▸ **Given data**
-=-=-=-=-

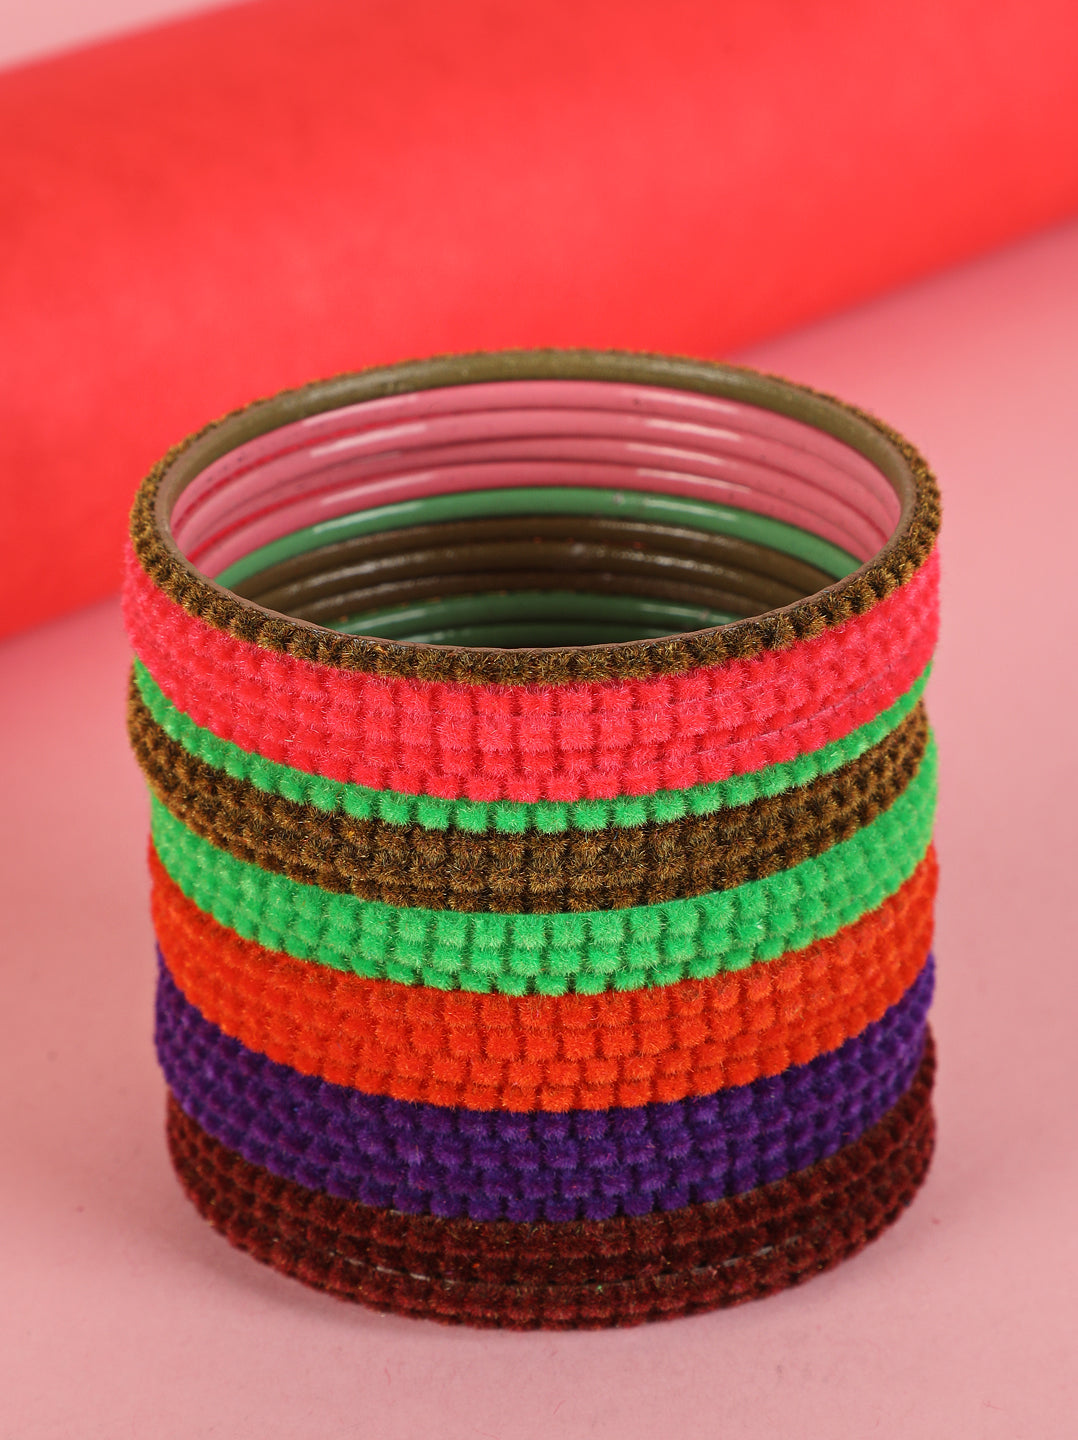 Set Of 24 Solid Handcrafted Bangles
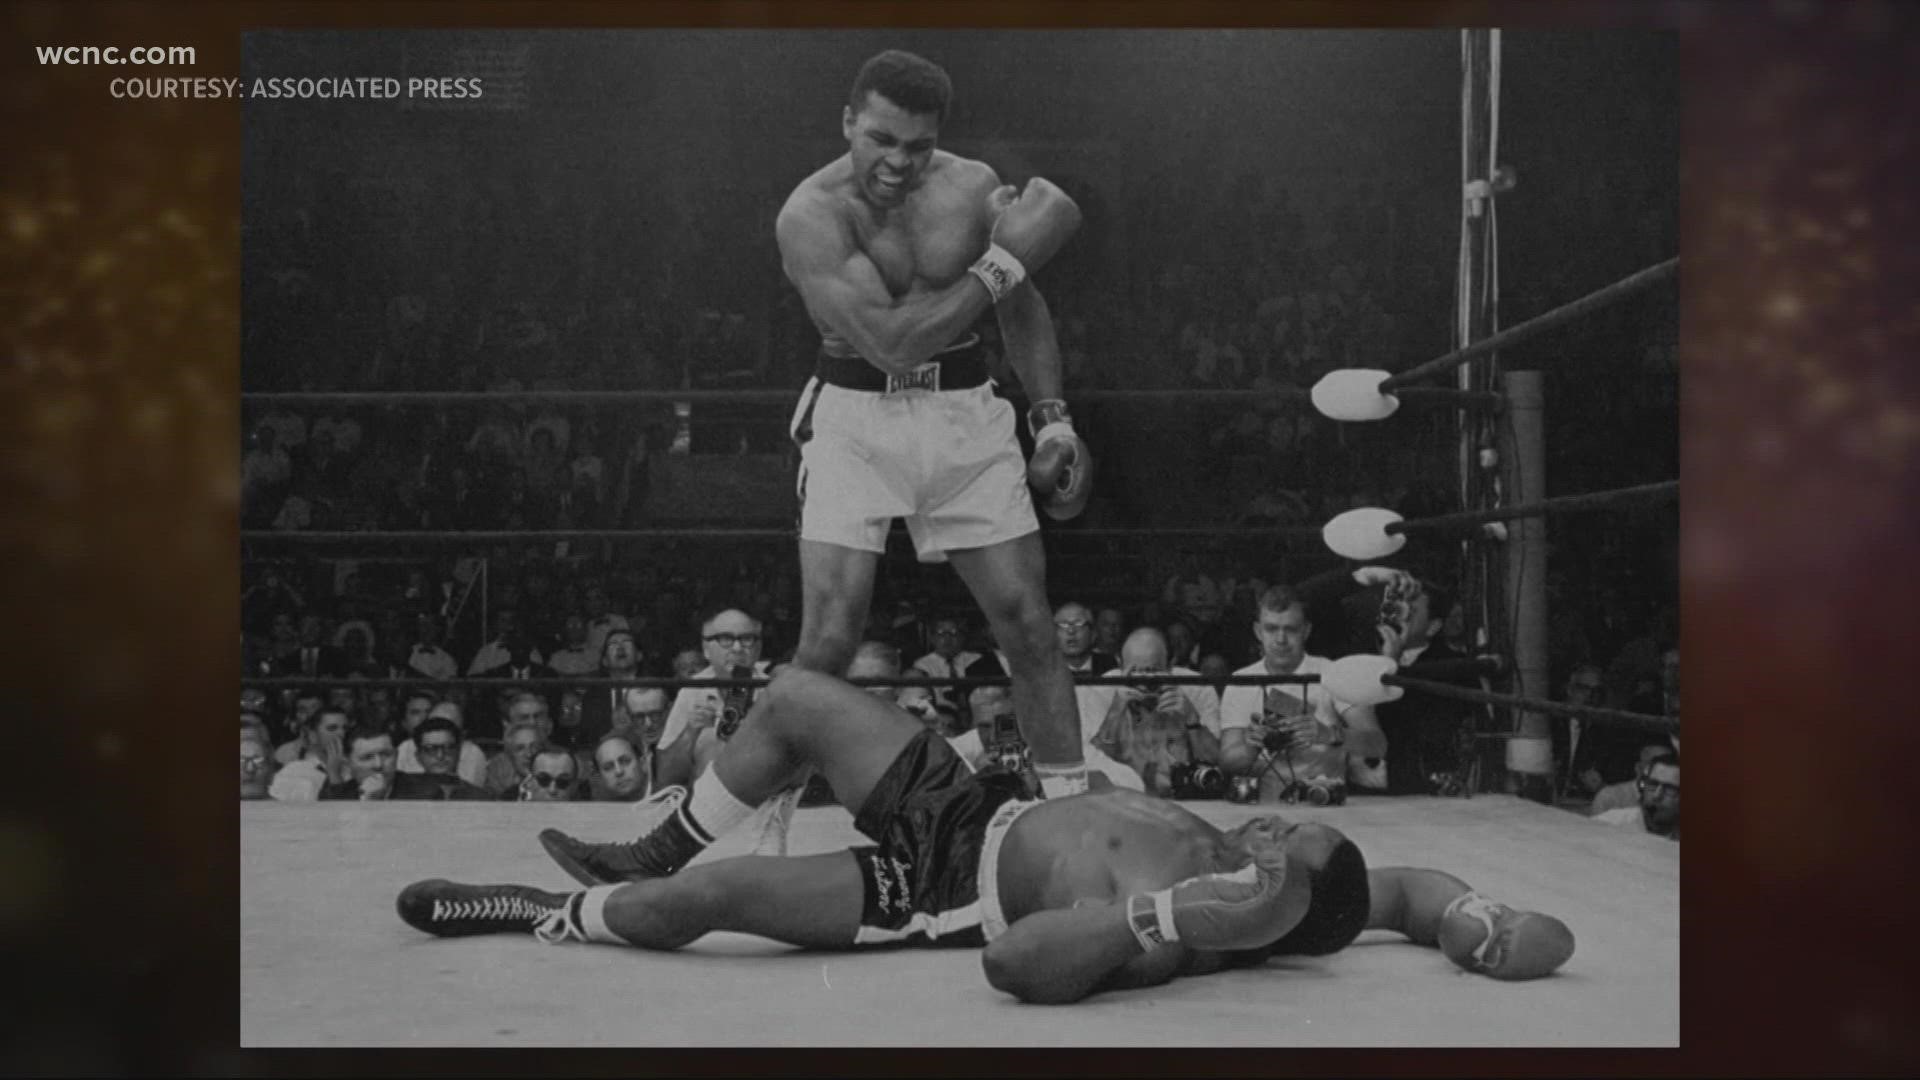 After the Olympics, Cassius Clay turned professional, beat Sonny Liston to become heavyweight champion, converted to Islam and changed his name to Muhammad Ali.
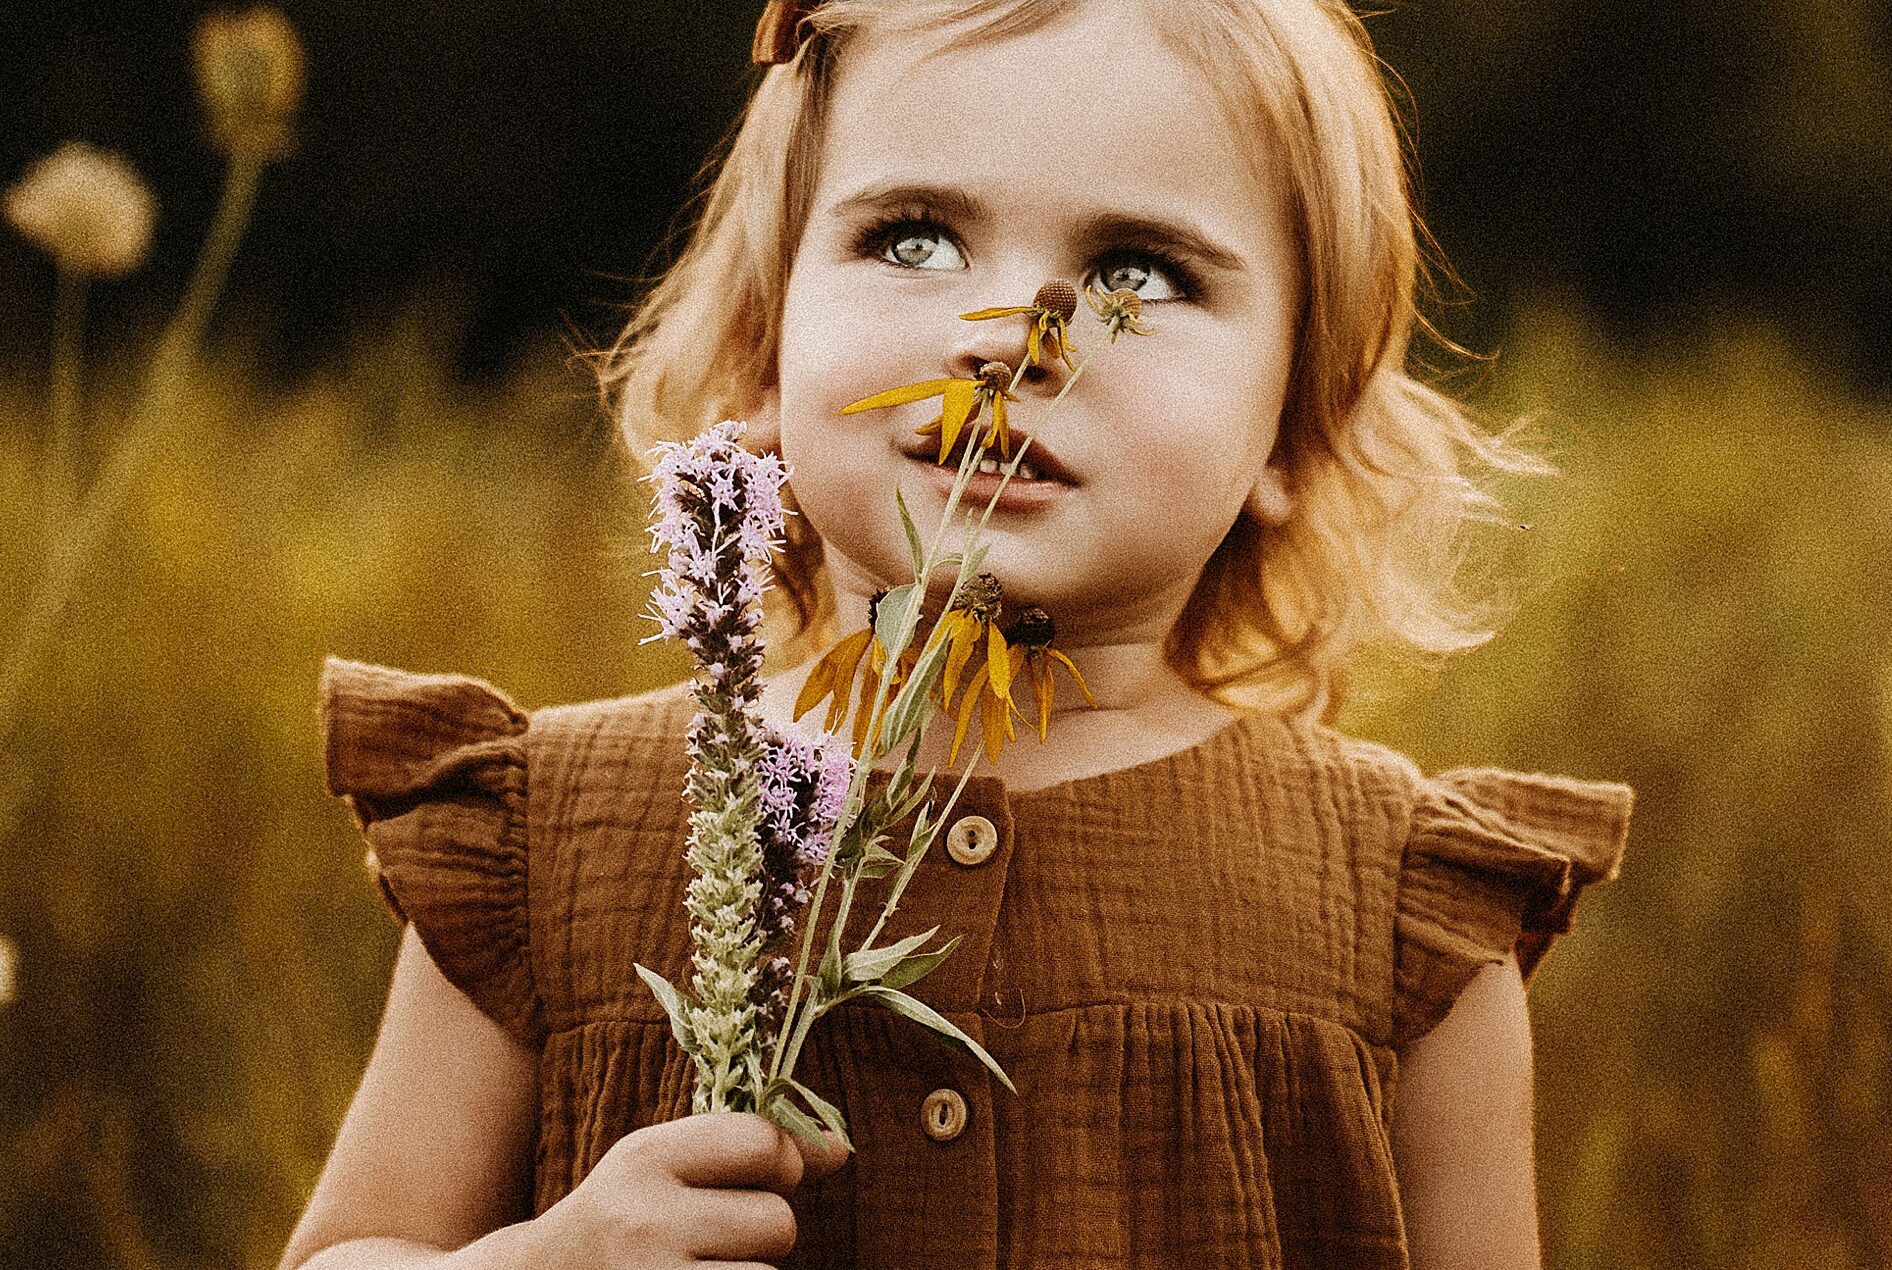 Girl smelling wildflowers during outdoor fun family session fine art childrens portraits Missouri
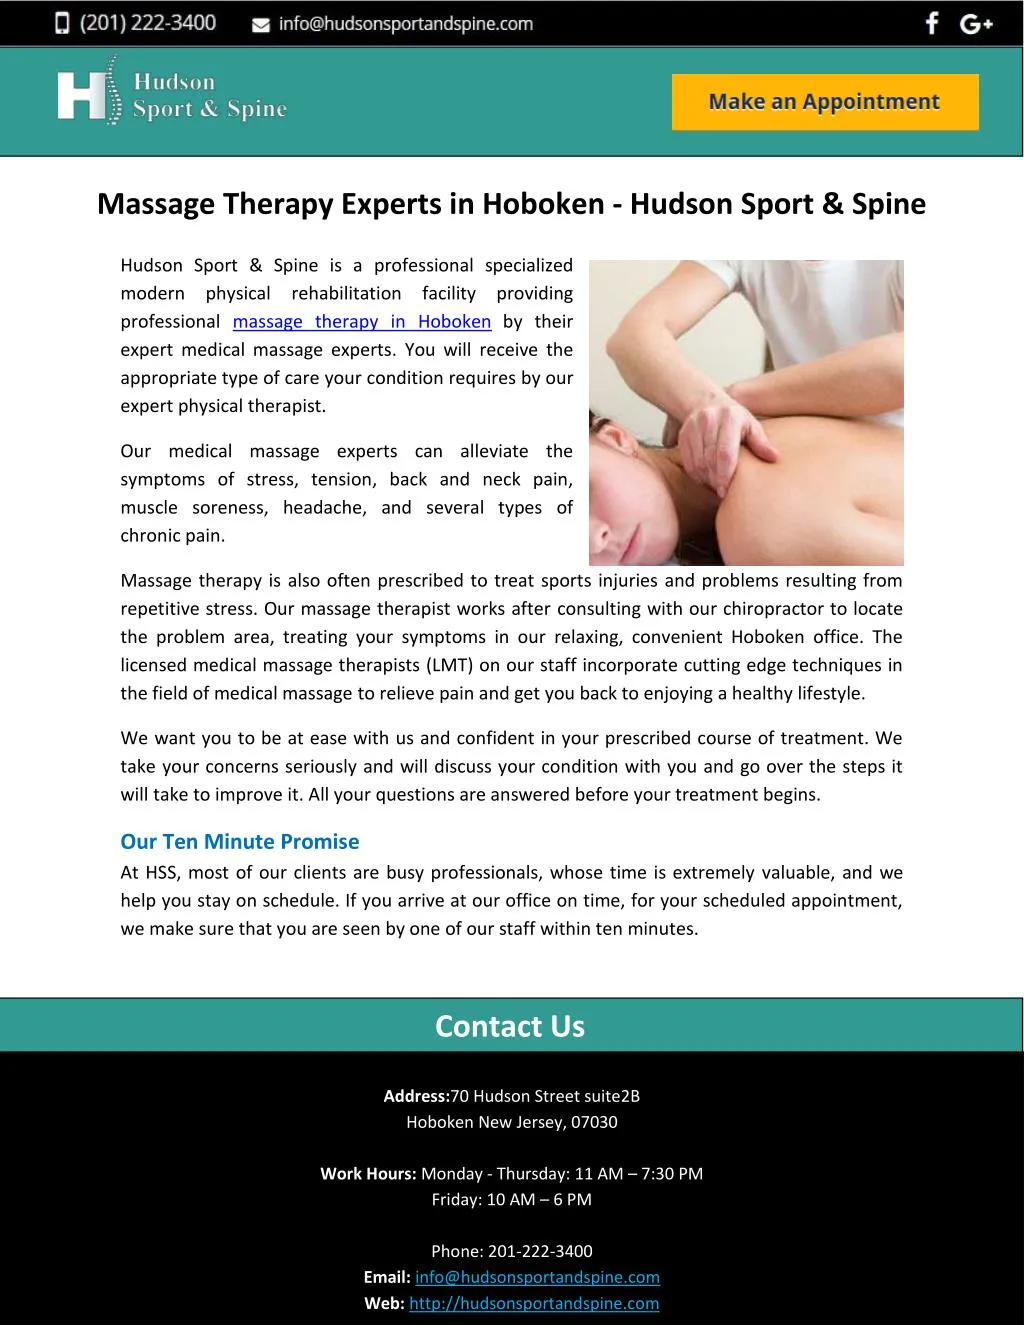 massage therapy experts in hoboken hudson sport

-=-=-=-=-

▸ **Exercise directions**
What this calls for is a word-for-word copy of the listing above, pictures excluded.

▸ **Reply to the task**
 Set Of 24 Solid Handcrafted Bangles
 After the Olympics, Cassius Clay turned professional, beat Sonny Liston to become heavyweight champion, converted to Islam and changed his name to Muhammad Ali.
 Girl smelling wildflowers during outdoor fun family session fine art childrens portraits Missouri
 massage therapy experts in hoboken hudson sport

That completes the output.